Does anybody have experience finding motel rooms in Mexico that will accept a large dog? Is there a book that lists these places? I'd like to be able to know ahead of time where we will stay so we don't find ourselves on the road looking at night. Btw, I did a search on "Dog" and "Pet" in the forum archives and found nothing. Seems kind of unusual. Maybe I was doing it wrong??
Gracias,
Mango Mike


----------



## conklinwh (Dec 19, 2009)

If you google pet friendly hotels Mexico you will get quite a list of sites. I use pettravel.com/destinations/mexico but I'm sure that others work. I'm a little bit of a cynic so I tend to call or email to verify the oet status. I also don't like unpleasant surprises after a day of driving.


----------



## Salto_jorge (Mar 28, 2010)

When it comes the size of a dog matters. 

Pet friendly places seem to allow miniture dogs when they say pets allowed and large dogs are not. 

For some reason larger dogs seem to be considered as guard dogs and not considered as household pets.

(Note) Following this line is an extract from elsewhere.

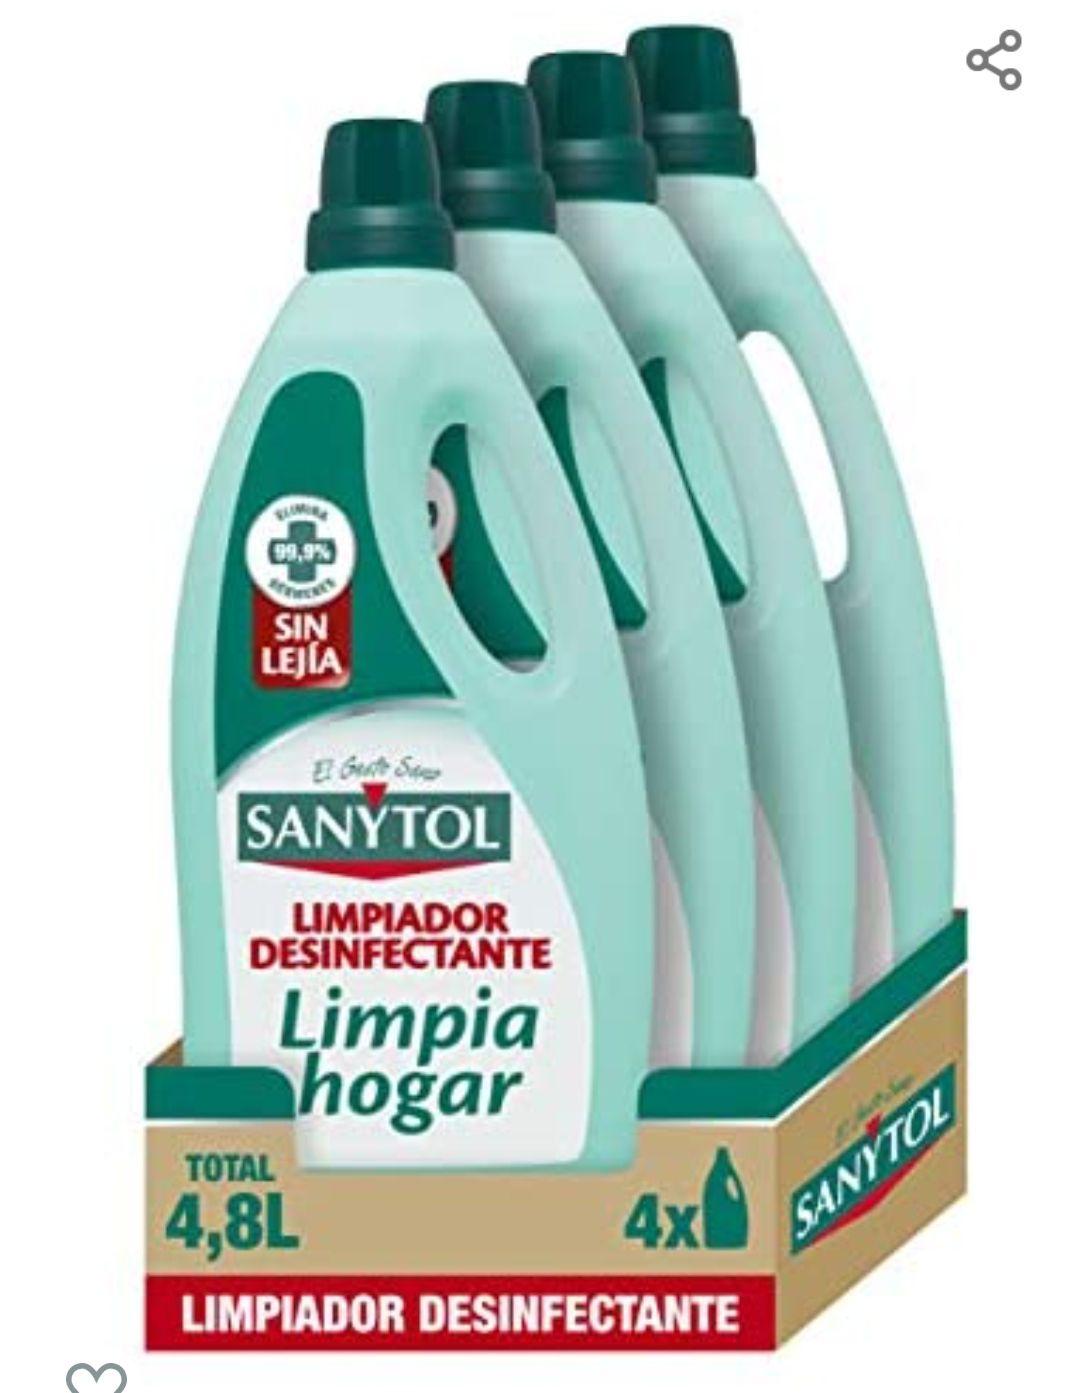 Sanytol – Botella desinfectante limpiahogar, elimina bacterias, hongos y virus sin Lejía, perfume eucaliptus – Pack de 4 x 1200 ml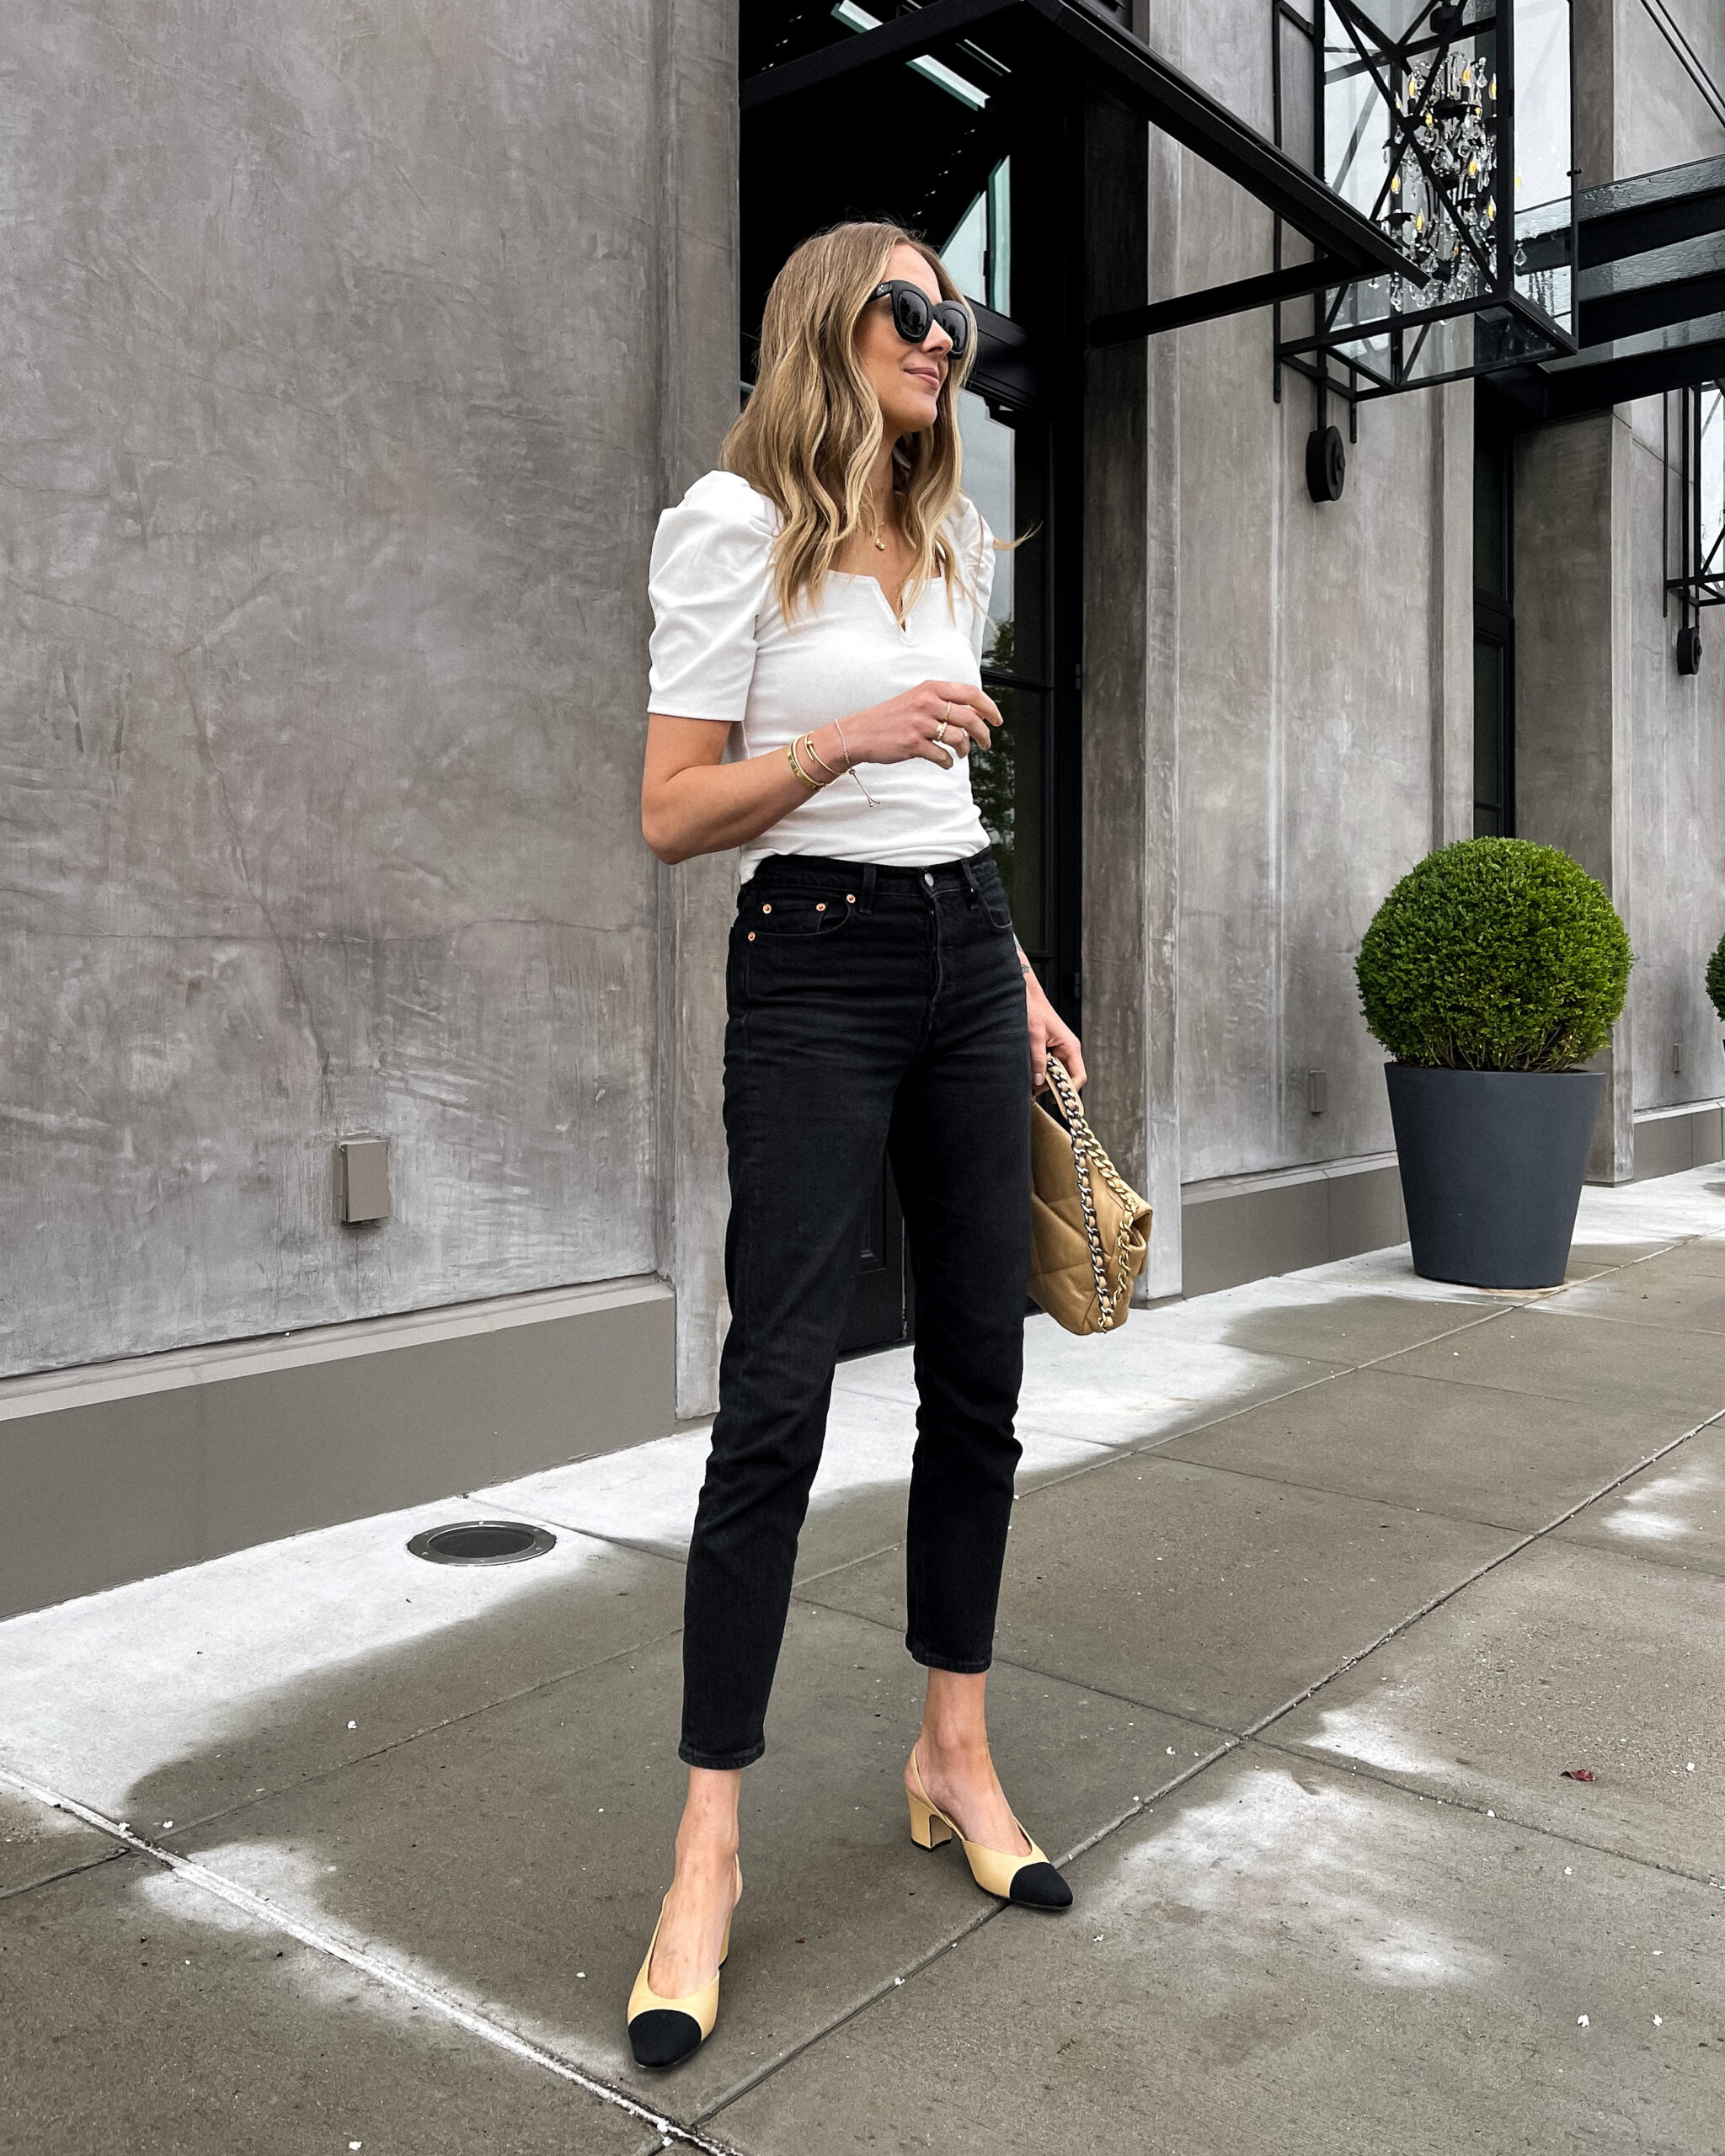 Fashion Jackson Wearing Amazon Fashion White Puff Sleeve Top Levis Black Jeans Chanel Slingbacks

Call first if possable and let them know what the dog is. For us a german shorthair pointer was considered as an outside/guard dog and was no wanted in rooms at most places. (He really was our guard dog, they did not know, we never told anyone that).


----------



## Queretaro (Dec 6, 2008)

I have a medium size dog (~45 lbs mut - rescued from street), and I can confirm what people are saying. It is hard to travel with her, and most places do not accept them (even pet friendly ones). My wife and I bring a tent along on all of our trips just incase we cannot find a place to crash. Good luck.


----------